Domestic violence laws are controversial in many ways, primarily because of the low standards required and the gender discrimination against men. Men are already seen as potential predators by many victim's groups. It is socially acceptable to cast men as potential predators. Child victim advocate John Walsh even advocates not hiring male babysitters because men are all potential pedophiles in his eyes. Maybe he just feels that way because he has battled sexual addiction over the years. No one questions that belief, and as a result, men must face uphill battles in defending outlandish accusations of abuse of any kind in court, be it sexual abuse of a child or against a protection order against a woman.
Our society has been inundated with Radical Feminist propaganda for many years. Popular culture has romanticized the concept of vigilantism against "abusive men" in movies like the Feminist film Thelma and Louise and Sleeping with the Enemy, and in songs like Janie's Got a Gun by Aerosmyth. Lorena Bobbitt was exalted by Feminist groups and other extremist "domestic violence advocates." Just type in the word "battered" in Google and the first results to come back include "battered woman's syndrome," "battered wife's syndrome," and "battered woman." There is a "battered men/ husband's syndrome," but to be honest, even I am surprised anyone has ever coined the term, and I doubt this has ever been used as a defense in court (the technical term is "Battered Person's Syndrome," but again, the term is generally applied to women). Do not not forget the discrepancy in sentencing for men and women are significantly different as well, with women getting shorter sentences for similar crimes as men.
There is probably no greater discrepancy in the gender gap in the area of domestic relations. Allow me to introduce a perfect illustration. Lets say you've been in a relationship for so many years to a woman who has a clinical diagnosis of Borderline Personality Disorder, Major Depression, has paranoia, and a family history of schizophrenia. She believes all men are indeed brutish, violent, and prone to cheat. As the man in this relationship you are subject to interrogations, invasive searches, and constant surveillance without ever giving the woman a reason to believe you are a womanizer or abuser. You are "walking on eggshells" as your every action becomes suspect. If a woman that isn't wrapped up like a Muslim wife in public, she would go on tirades about the perceived trashiness of the woman and accusations of lust for the woman of loose morals are directed at you. You reach a point in your relationship where you want out because you are tired of feeling like you are the subject of an FBI investigation rather than a loving hubby/ boyfriend/ fiancee.
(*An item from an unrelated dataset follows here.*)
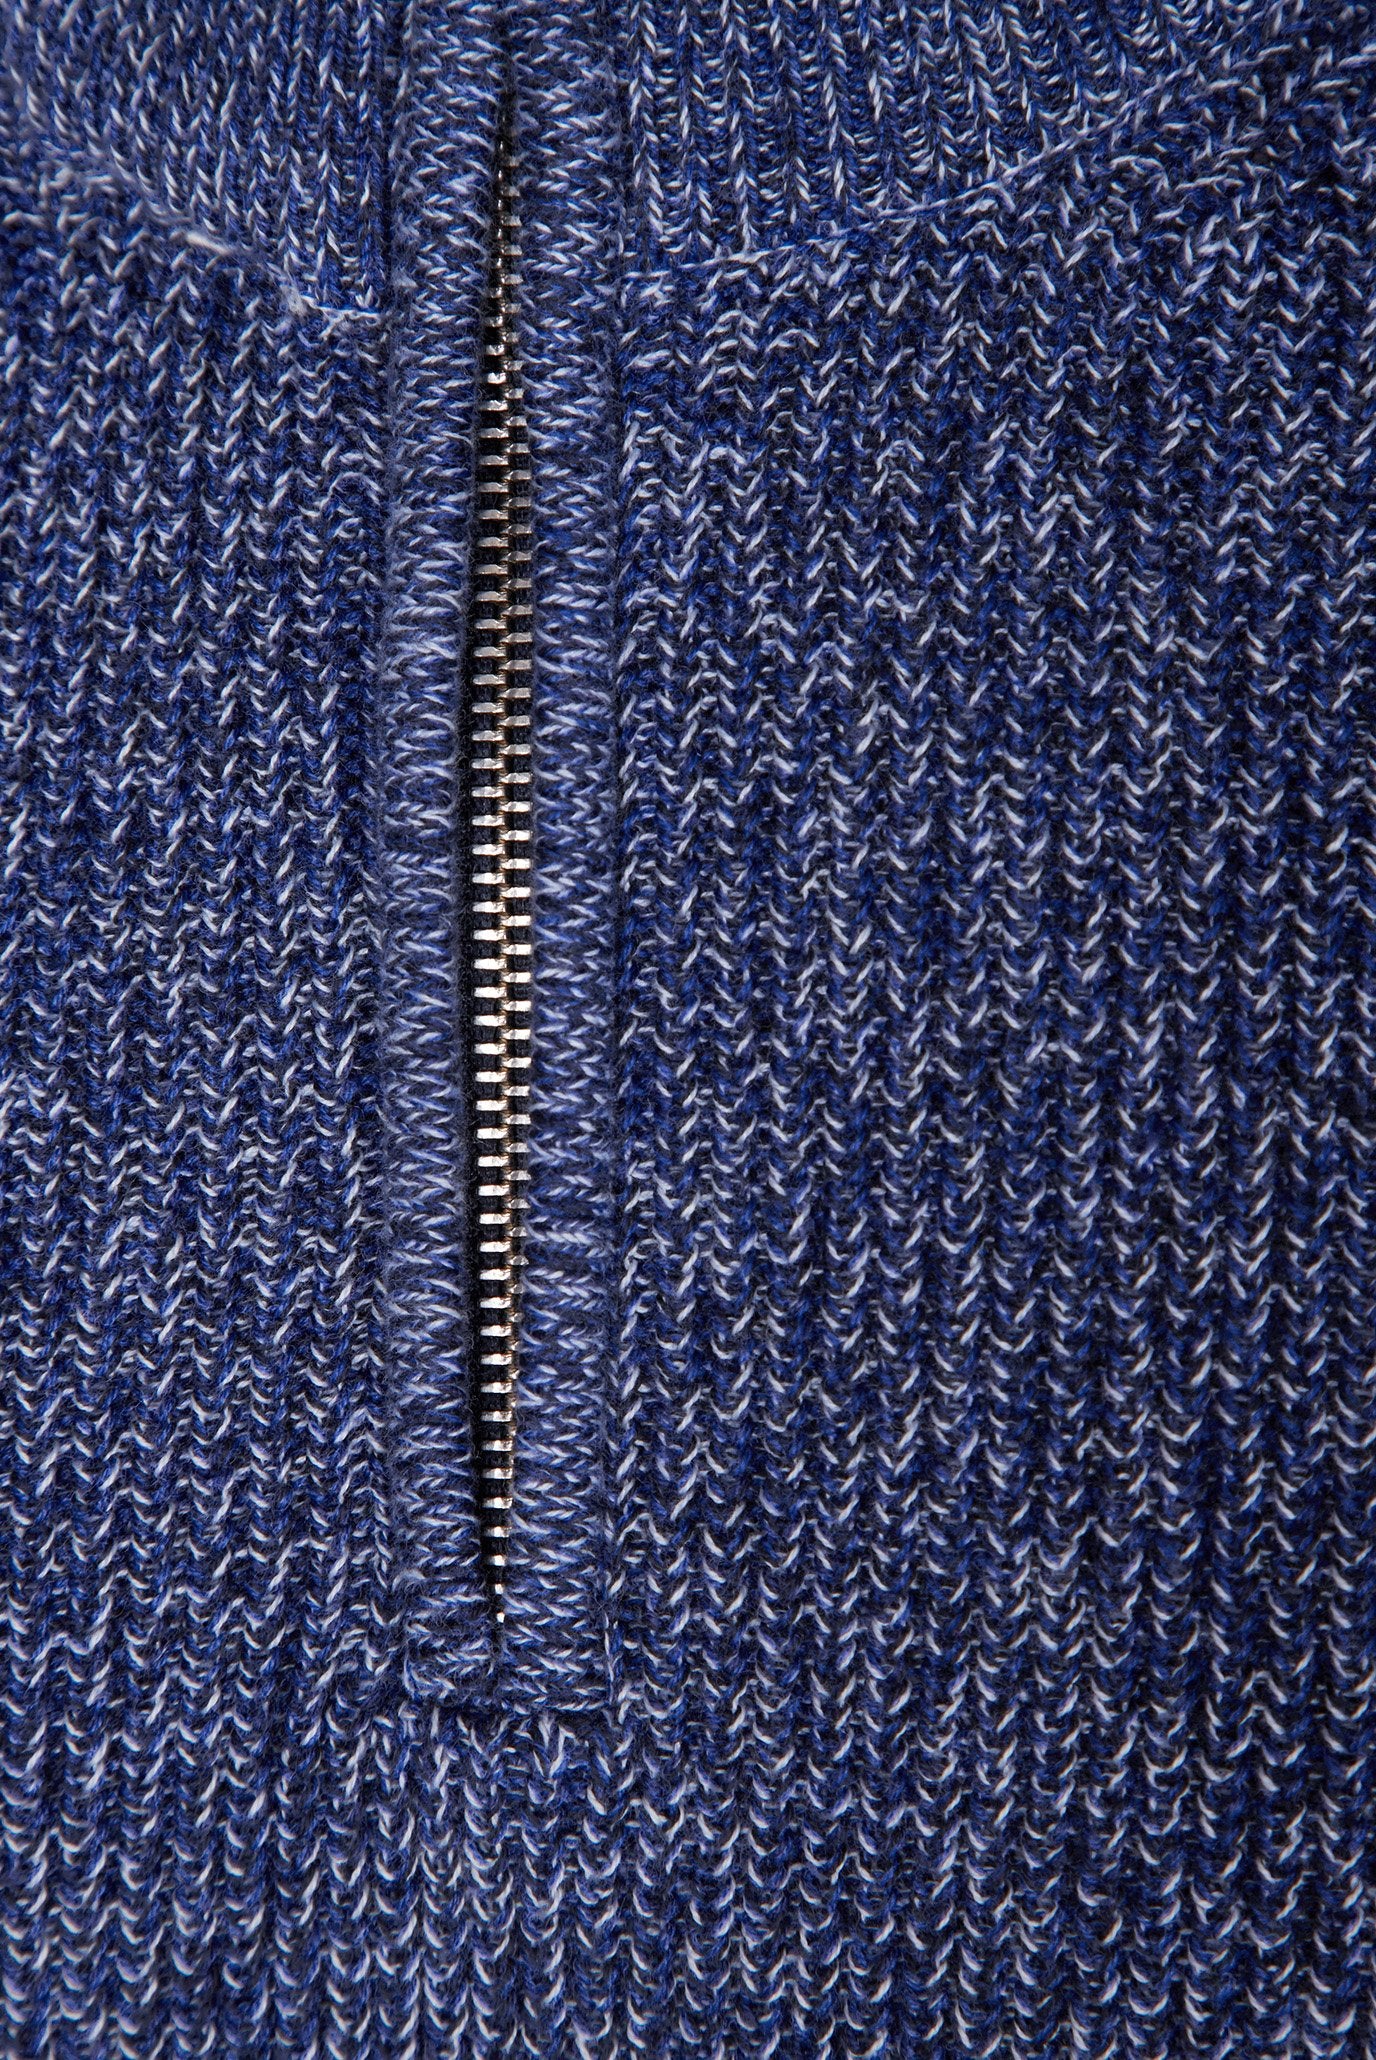 GANT - Twisted Yarn Half Zip Jumper in Marled Blue 8030177 433
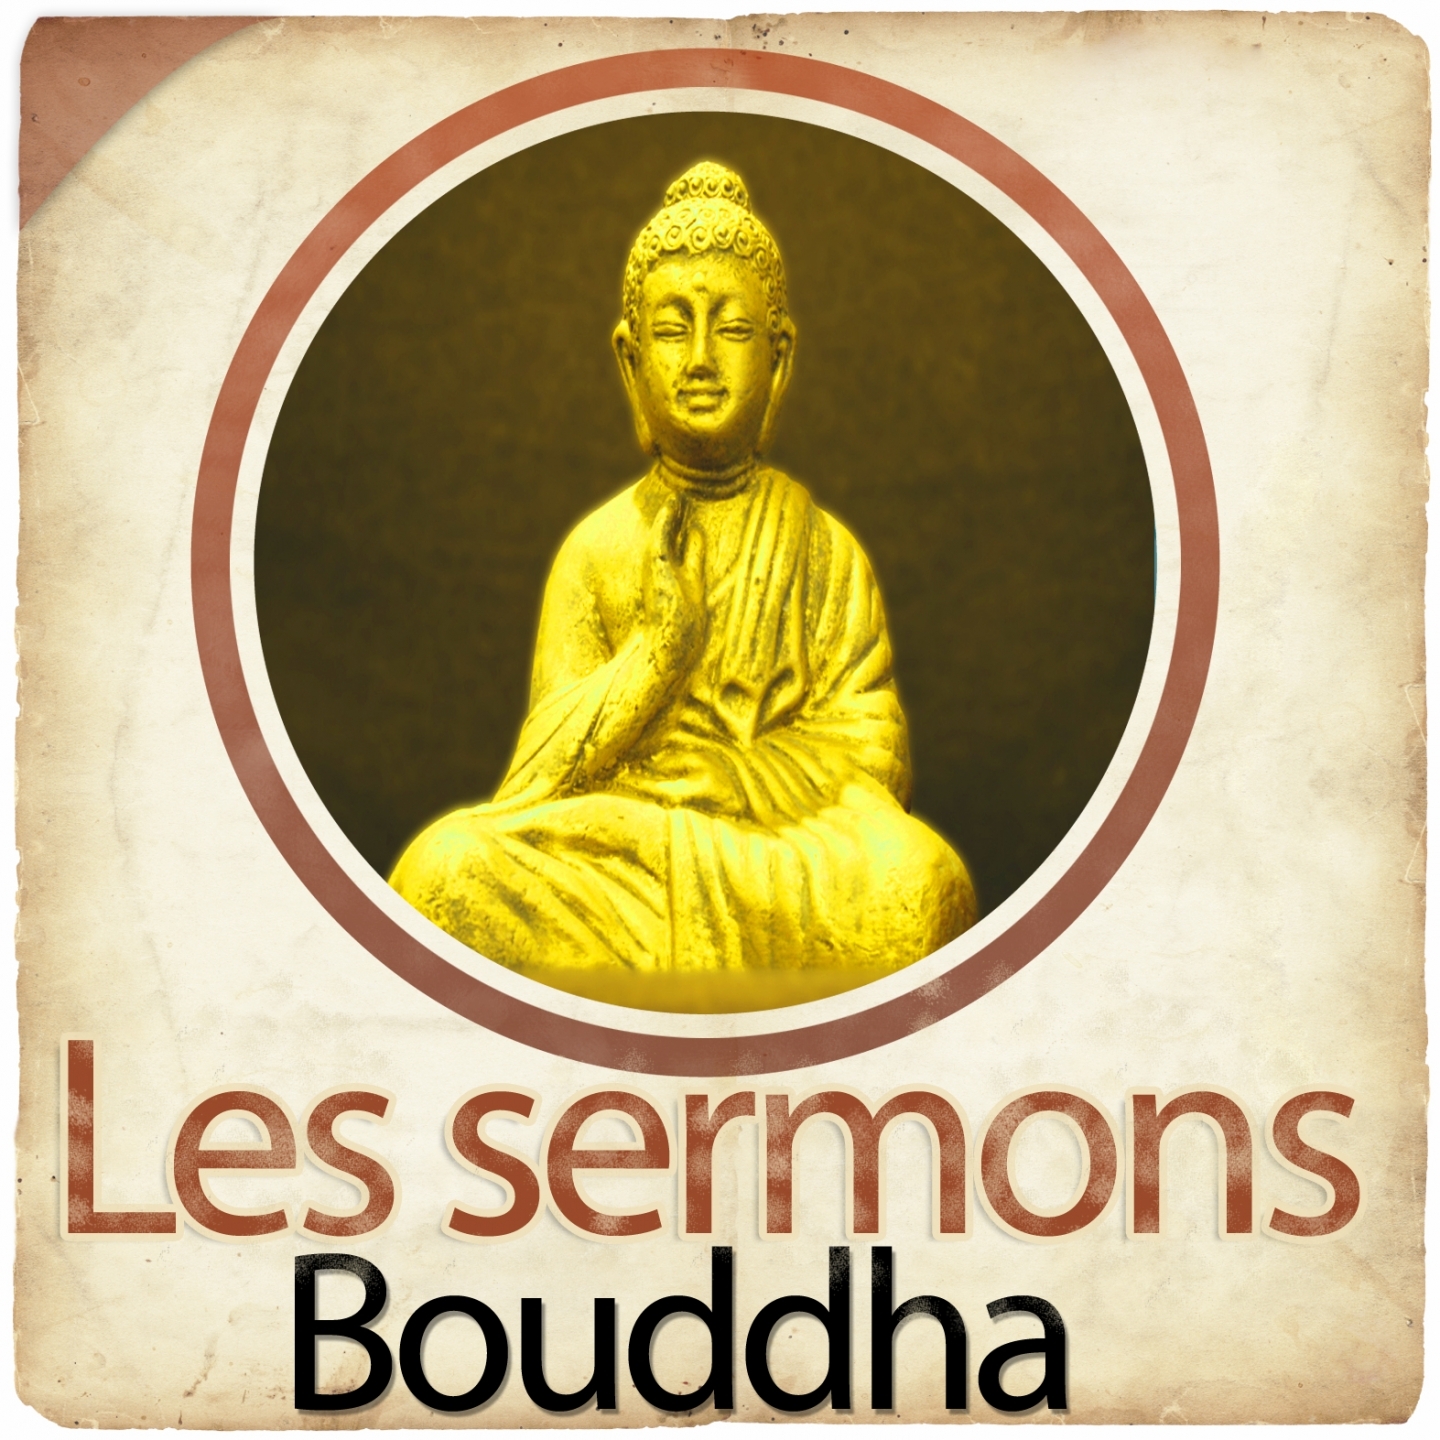 Les sermons de Bouddha : la référence pour le Bouddhisme

When you two break up, she calls the police on you and makes a wild accusation. The police hassle you but they don't arrest you because you did nothing wrong (but as they see it, they "haven't caught you"). You pack up her things and leave them at her place in neat little boxes. A few days later you get a knock at the door; it is a sheriff's deputy handing you a restraining order. You feel a sinking feeling in your chest as you are treated like you just murdered someone. In 2 weeks you go before a judge and plead your innocence. The "ex" paints a picture of you as some kind of "monster," and the female judge accepts her on her word only. The judge rules against you. You have no defense. You are a man, after all.
How many times has this scenario played out in court? There is no telling. Men are the "stronger" sex, after all. Men do not report domestic violence against them because of many reasons, including a fear of a 911 call turning against him, fear (mostly of being accused of being abusive himself), societal disbelief, and shame. You can even say it seems like a joke, the thought of a big, burly guy whipped by a 5'3 woman. The cultural belief favors the woman, and many women know it. As a result, arrests of female abusers are rare.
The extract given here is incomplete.